30 setembro, 2014 | Por Isabela Gaglianone

“Que quem se cala quanto me calei, não poderá morrer sem dizer tudo”.

Ilustração de Günter Grass

A publicação de uma obra póstuma de um grande escritor como Saramago é um presente inestimável aos seus tantos leitores órfãos. É também a possibilidade de ver em germe sua criação literária, torrencial e precisa.

Em junho de 2010, quando faleceu, ele deixou em aberto a narrativa da história de Artur Paz Semedo, um homem simples, empregado de uma fábrica de armas, as Produções Belona S.A – Belona é o nome da deusa romana da guerra. Funcionário exemplar, que, se por um lado ambicionava crescer profissionalmente na empresa e dirigir uma área de armamentos pesados, por outro lado encontra conflitos morais, pois fora casado com uma pacifista radical, que dele divorciara-se por não concordar com o ofício armamentista.

O lançamento de Alabardas, alabardas, espingardas, espingardas – cujo título alude a dois versos da tragicomédia Exortação da guerra, de Gil Vicente – traz a lume uma obra, ainda que inconclusa, forte e bela, como comum ao grande escritor que foi Saramago. Um romance, que com seus três capítulos iniciais escritos e terminados, já é notavelmente estruturado, condutor final de uma profunda reflexão sobre a condição humana e a banalidade da violência.

A viúva de Saramago, Pilar del Río, disse, sobre o lançamento: “Com Alabardas, alabardas, Espingardas, espingardas acaba-se a obra de José Saramago, o homem que não queria morrer sem ter dito tudo.

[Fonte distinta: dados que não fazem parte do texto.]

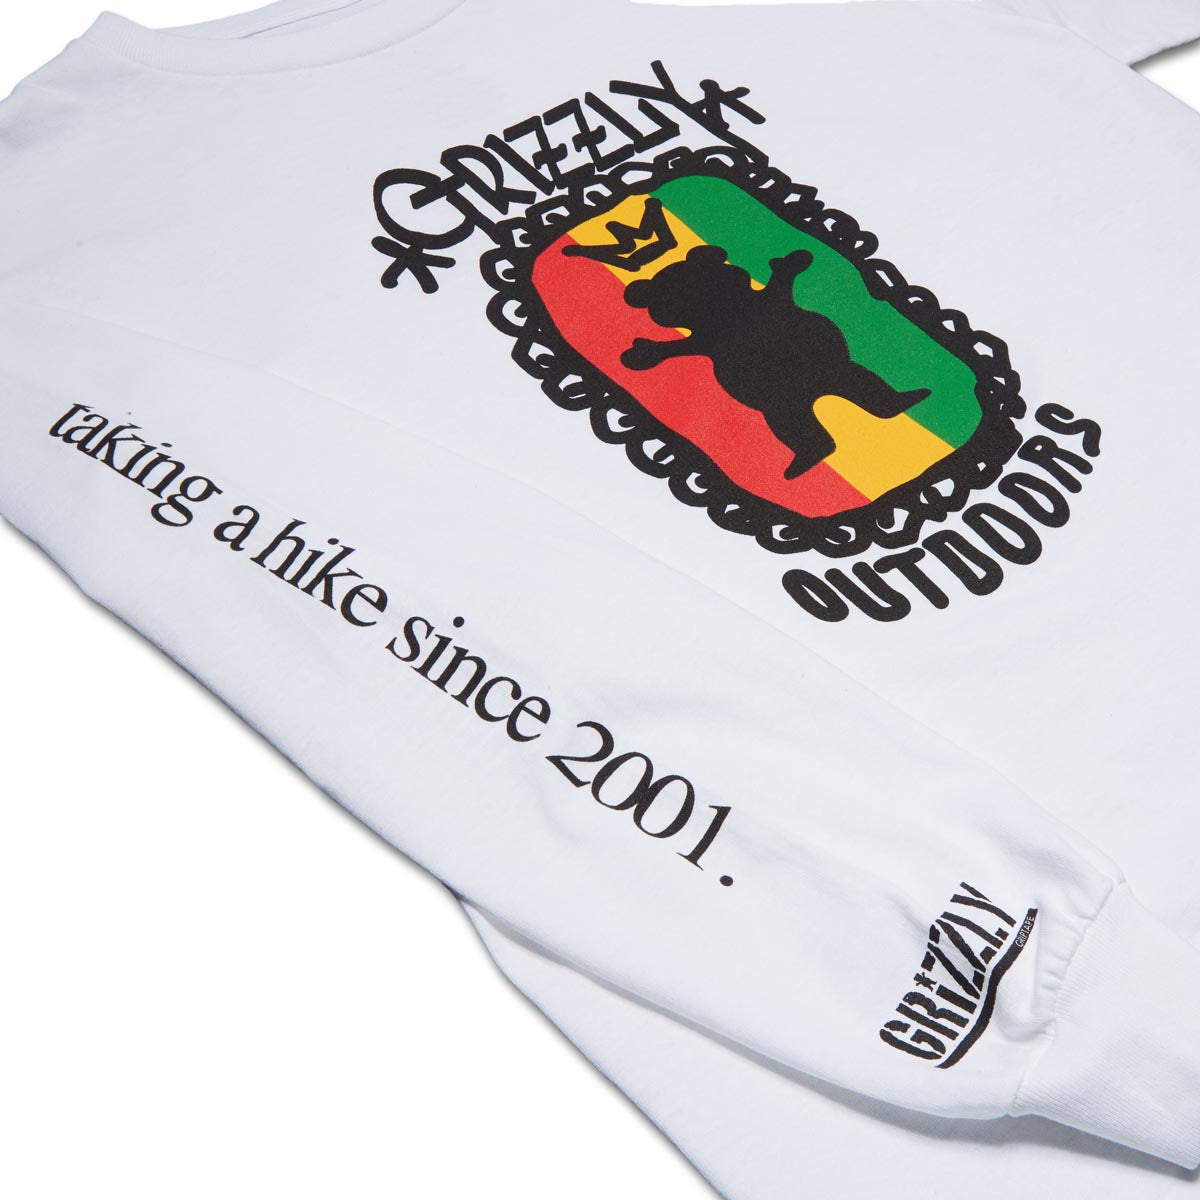 Grizzly Most High Long Sleeve T-Shirt - White image 2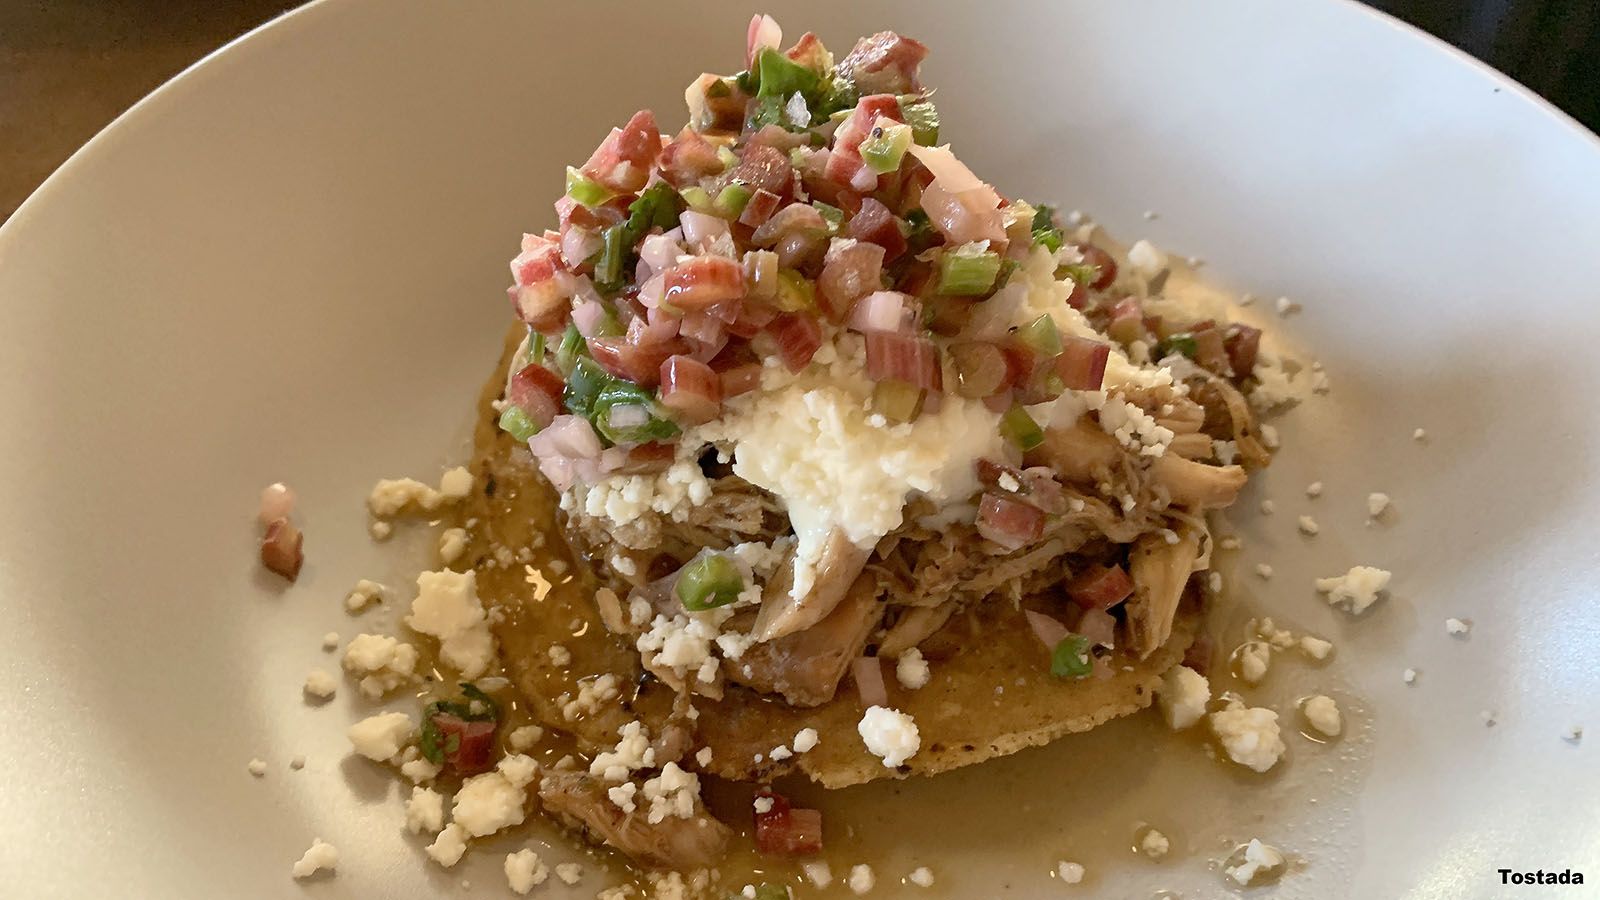 The tostada with braised chicken, chipotle, rhubarb pico, cotija cheese, and crème fraîche delivers a balance of flavors and textures.

Talvez não seja ousadia recordar que os seus dois últimos livros, Caim e Alabardas, tratam de dois assuntos centrais na sua obra, abordados de forma explícita, para não deixar sombra de dúvida: a recusa do poder que as religiões exercem sobre as pessoas e sociedades para as anular através do medo e da proibição, o recurso à violência, tão usado em diferentes civilizações, como se não houvesse outro meio para solucionar conflitos. Em Caim, o artifício do Antigo Testamento, do fratricídio inicial ao dilúvio universal, que levará à morte todos os habitantes da terra por não haver cumprido os desígnios de Deus, em Alabardas, onde um trabalhador descobrirá, pela força das circunstâncias, que a sua laboriosidade permite que uma engrenagem odiosa continue em movimento e a marcar os mapas e as dominações. No fundo, a reflexão sobre o poder e a violência são um mesmo eixo. E sobre ele gira a obra de José Saramago”. Segundo ela, as personagens que povoam o livro têm discursos e contradições elaboradas a partir do convencimento de que não ver é mais rentável do que ver – ou de que a indiferença é mais cômoda que a ação – e da necessidade do conhecimento e da intervenção para não ser cúmplice com o despropósito da violência. José Saramago escreveu um romance de personagens e situações que se confrontam com a realidade, tantas vezes mais obstinada que as pessoas, por isso não ver faz-se tão dramático”.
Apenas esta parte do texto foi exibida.